Example 2: s = "abba"
| k | Prefix Reversal | Resulting String | Suffix Reversal | Resulting String |
|---|---|---|---|---|
| 1 | "a" | "abba" | "a" | "abba" |
| 2 | "ba" | "baba" | "ba" | "abba" |
| 3 | "bba" | "aabb" | "bba" | "abba" |
| 4 | "abba" | "abba" | "abba" | "abba" |
Lexicographically smallest: "aabb"
Example 3: s = "zxy"
| k | Prefix Reversal | Resulting String | Suffix Reversal | Resulting String |
|---|---|---|---|---|
| 1 | "z" | "zxy" | "y" | "zxy" |
| 2 | "xz" | "xzy" | "xy" | "zyx" |
| 3 | "yxz" | "yxz" | "zxy" | "xyz" |
Lexicographically smallest: "xzy"
Complexity Analysis
| Measure | Complexity | Explanation |
|---|---|---|
| Time | O(n^2) | Each prefix/suffix reversal takes O(k), summed over n gives O(n^2) |
| Space | O(n) | Each candidate string requires O(n) space |
The quadratic time is acceptable for small examples but could be optimized further using advanced data structures like suffix arrays or rolling hashes to compare reversals without constructing strings explicitly.
Test Cases
# Basic examples
assert Solution().lexSmallest("dcab") == "acdb" # Example 1
assert Solution().lexSmallest("abba") == "aabb" # Example 2
assert Solution().lexSmallest("zxy") == "xzy" # Example 3
# Edge cases
assert Solution().lexSmallest("a") == "a" # Single character
assert Solution().lexSmallest("aa") == "aa" # All identical characters
assert Solution().lexSmallest("ba") == "ab" # Two characters, swap
assert Solution().lexSmallest("cba") == "abc" # Reverse entire string
assert Solution().lexSmallest("abcd") == "abcd" # Already smallest
| Test | Why |
|---|---|
| "dcab" | Standard prefix reversal example |
| "abba" | Standard suffix reversal example |
| "zxy" | Mixed characters, minimal reversal not at ends |
| "a" | Single character edge case |
| "aa" | Identical characters edge case |
| "ba" | Smallest swap to minimize |
| "cba" | Full reversal yields minimum |
| "abcd" | Already minimal, no operation improves |
Edge Cases
One important edge case is a single-character string. Since reversing a single character has no effect, the algorithm should correctly return the string itself. Another edge case is when all characters are identical. Any reversal does not change the string, so the minimum is trivially the string itself.

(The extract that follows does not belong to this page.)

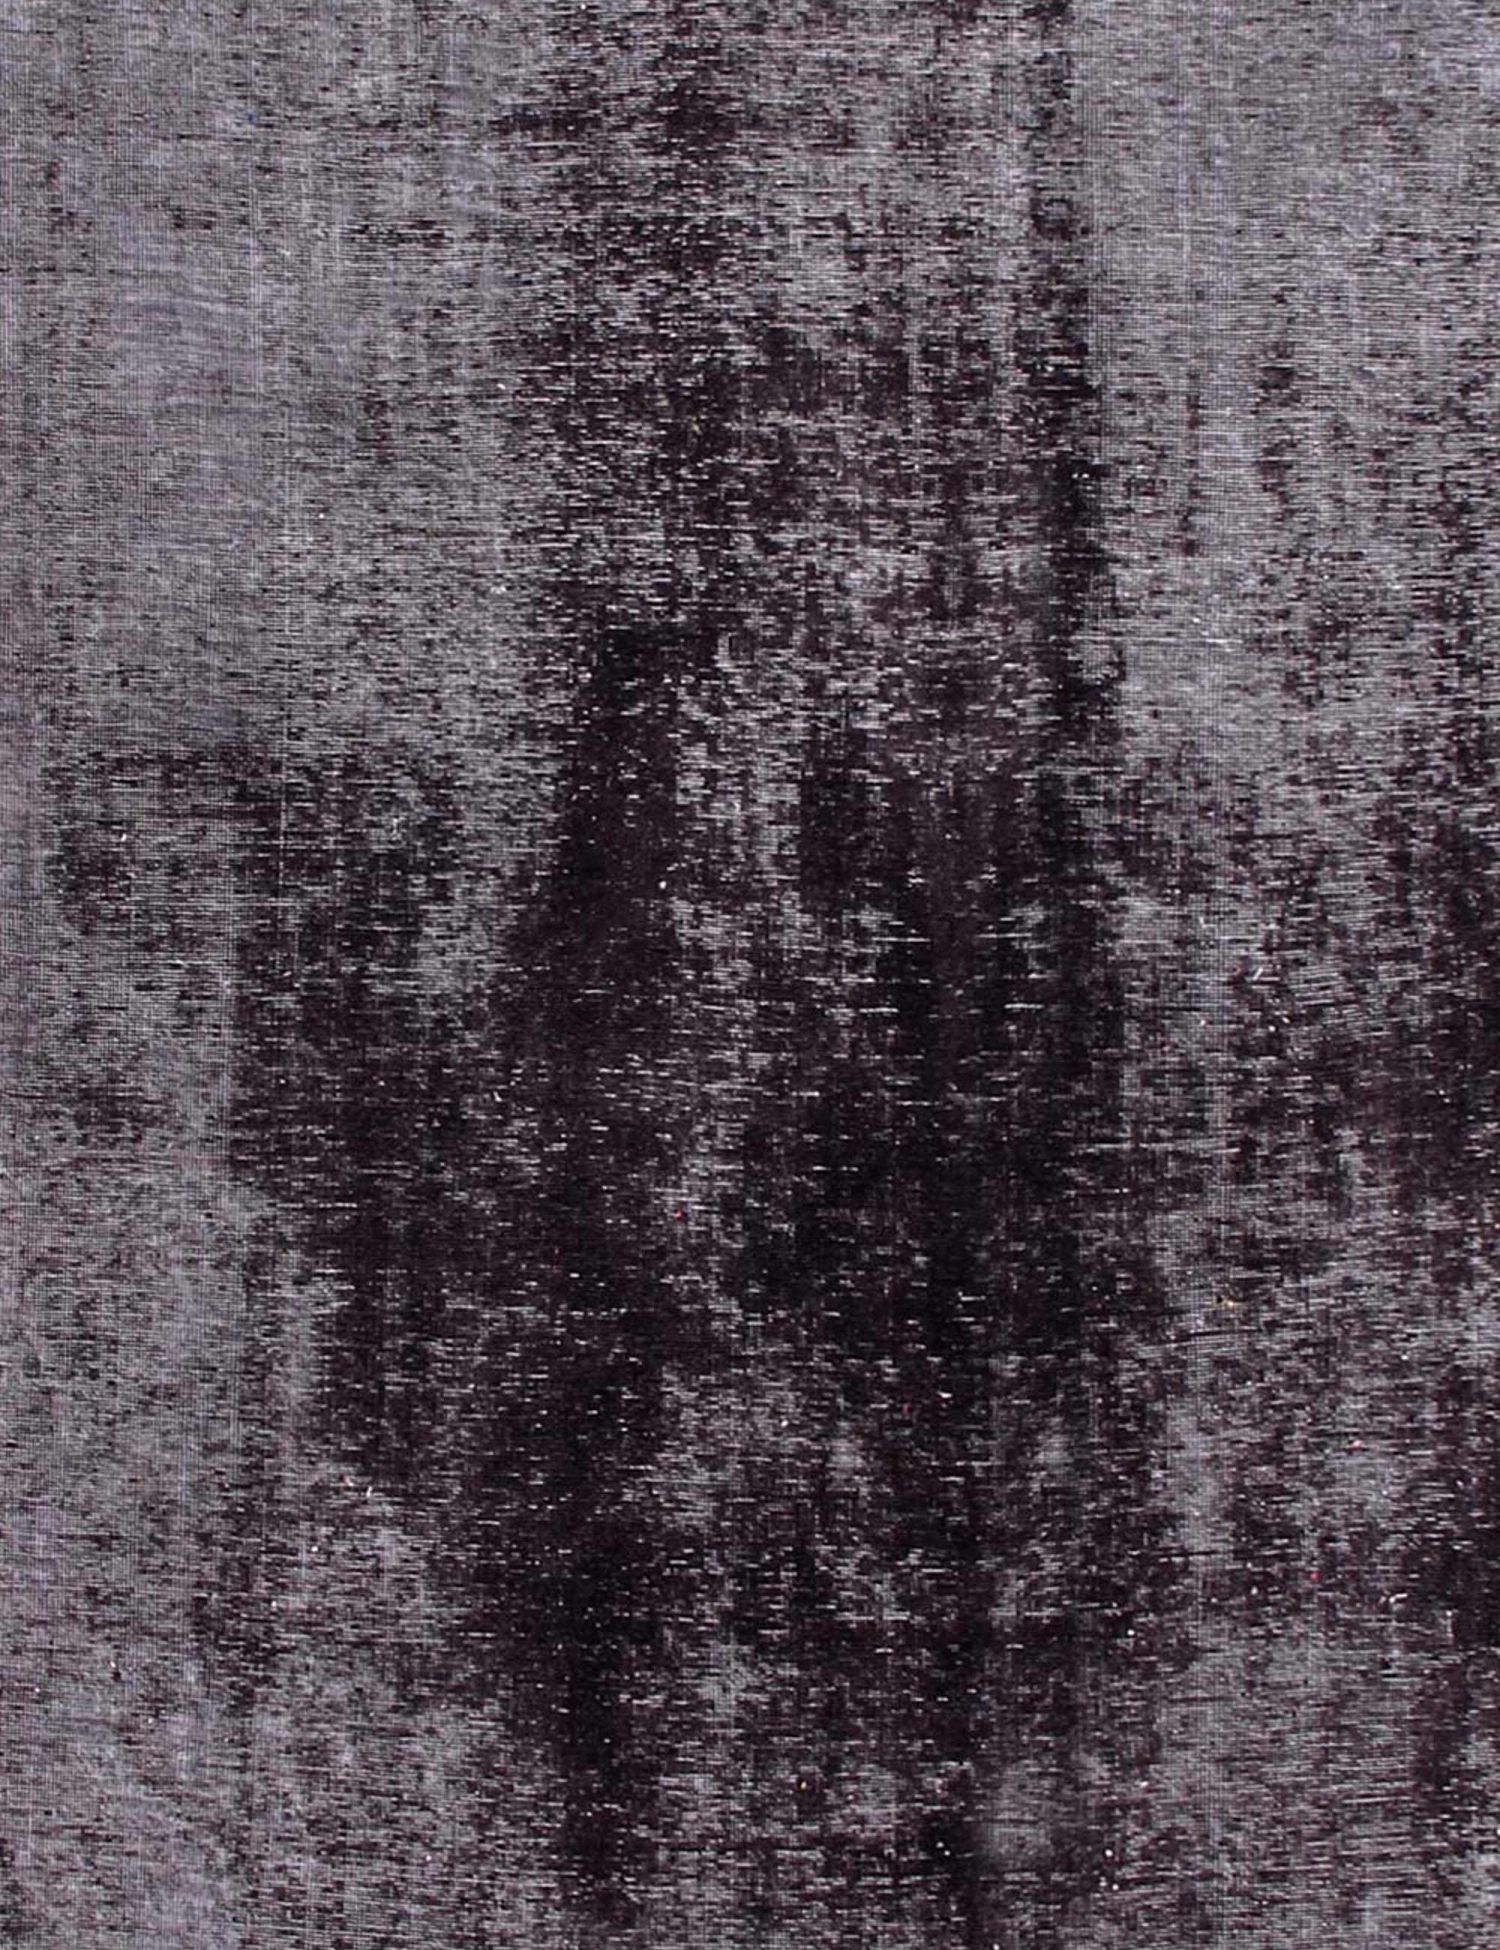 Persian Vintage Carpet  black <br/>372 x 295 cm

Finally, strings that are already lexicographically sorted require careful handling; the algorithm should still perform exactly one reversal, even if it does not improve the string, to satisfy the problem's requirement of exactly one operation. Each of these scenarios is handled naturally by the algorithm through its exhaustive prefix and suffix reversal checks.